ライヴ・イマジン祝祭管弦楽団第3回演奏会ご報告
2017 MAY 11 14:14:07 pm by 吉田 康子
リハーサルはピアノ協奏曲から。このホールには巷で「ピアノのフェラーリ」と呼ばれるイタリア製の高価な手作りピアノ「ファッツィオリ」があります。この数年で広く知られるようになり、ショパンコンクールの公認ピアノとなりました。明るく美しい音色はモーツァルトにピッタリ。弦や管楽器とも綺麗に溶け合います。第25番の協奏曲は演奏機会が少ないものの、モーツァルトの後期を彩る名曲です。この曲からベートーヴェンは運命交響曲のテーマとして取り入れたのではないか?というのが東氏の考察です。

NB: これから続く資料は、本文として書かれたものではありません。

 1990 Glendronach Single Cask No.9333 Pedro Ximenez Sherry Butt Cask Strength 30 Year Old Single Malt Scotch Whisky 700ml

あっという間にリハーサルは終わって写真撮影を済ませて開場時間を迎えます。
すでにホールの外のロビーやエレベーター周辺には長い行列。受付ではベテランの3人が手際よくお客様をご案内しました。
最初は恒例の幹事の挨拶から。そしてレクチャーの東 賢太郎氏にバトンタッチ。今回は「さよならモーツァルト君」というタイトルに因むお話ということでハイドン、モーツァルト、べートーヴェンの関わりをピアノ演奏を取り入れながら解りやすく解説して下さいました。

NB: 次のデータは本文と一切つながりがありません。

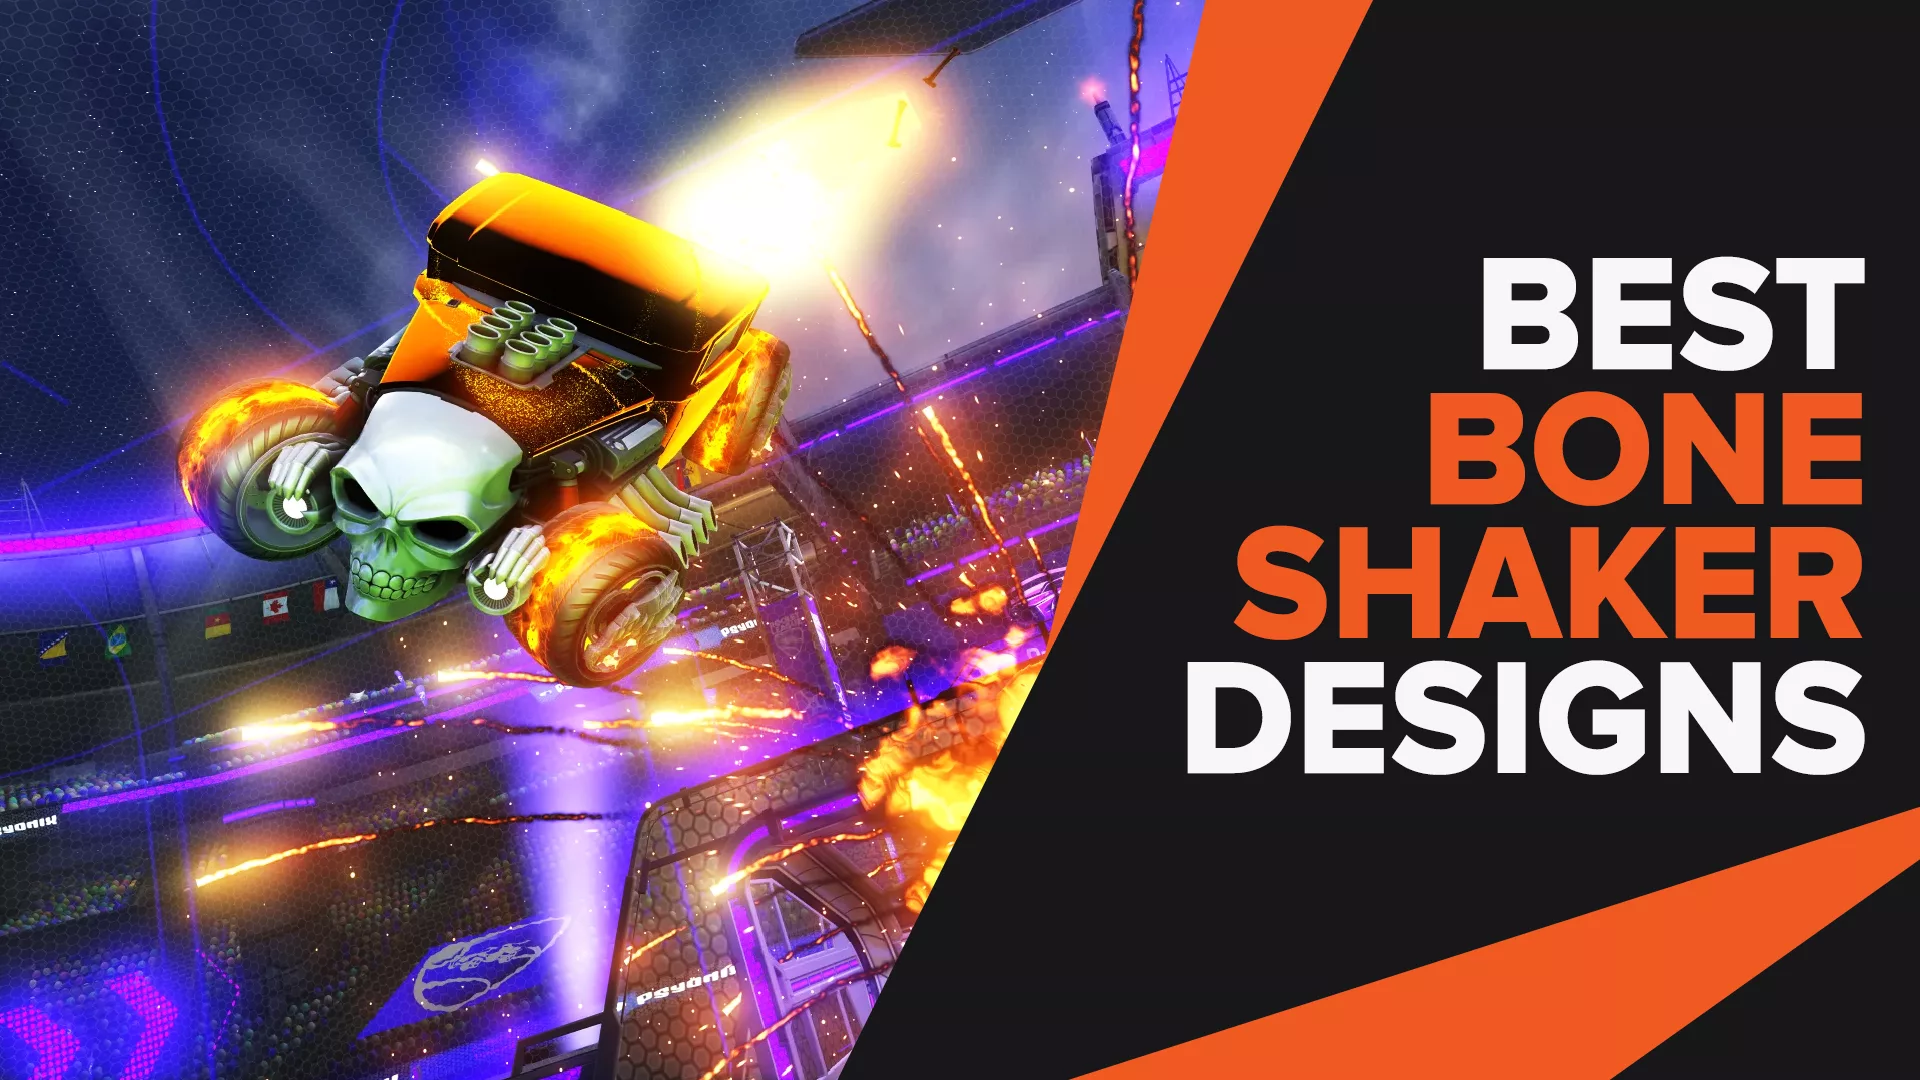 Best Bone Shaker Designs to get inspired in Rocket League

そしていよいよ演奏です。最初はハイドンから。これこそ「さよならモーツァルト君」のタイトル通り、ロンドンでモーツァルトの訃報を聞いたハイドンが終楽章で最後チェンバロとヴァイオリンの二重奏を入れて別れを告げます。今回のヴァイオリンソロはコンマスが、チェンバロ代わりのピアノソロは指揮者が行って曲を締めくくりました。
次はピアノ協奏曲。第1楽章には運命動機が次々と形を変えて登場します。独奏者自作のカデンツァを取り入れての演奏です。管楽器とのアンサンブルが美しい2楽章、軽やかな第3楽章とファッツィオリから煌めくような美しい響きの音が溢れました。

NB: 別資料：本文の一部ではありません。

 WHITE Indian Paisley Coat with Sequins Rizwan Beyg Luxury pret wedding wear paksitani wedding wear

そして休憩の後は、いよいよジュピター交響曲。モーツァルトの最高傑作であるこの曲は公演を締めくくるのに相応しい大曲です。田崎先生の巧みな指揮で全員の熱い想いを紡いでいきます。一期一会のオーケストラでありながら時間をかけて練習を重ねてきました。
本番での渾身の演奏は、皆の気持ちを昇華させ、聴衆を感動で酔わせました。夢から覚めたような拍手喝采に感無量の思いでした。今まで最多の230名のお客様を迎えて、素晴らしい演奏が出来たライヴ・イマジン史上に残る最高の演奏会でした。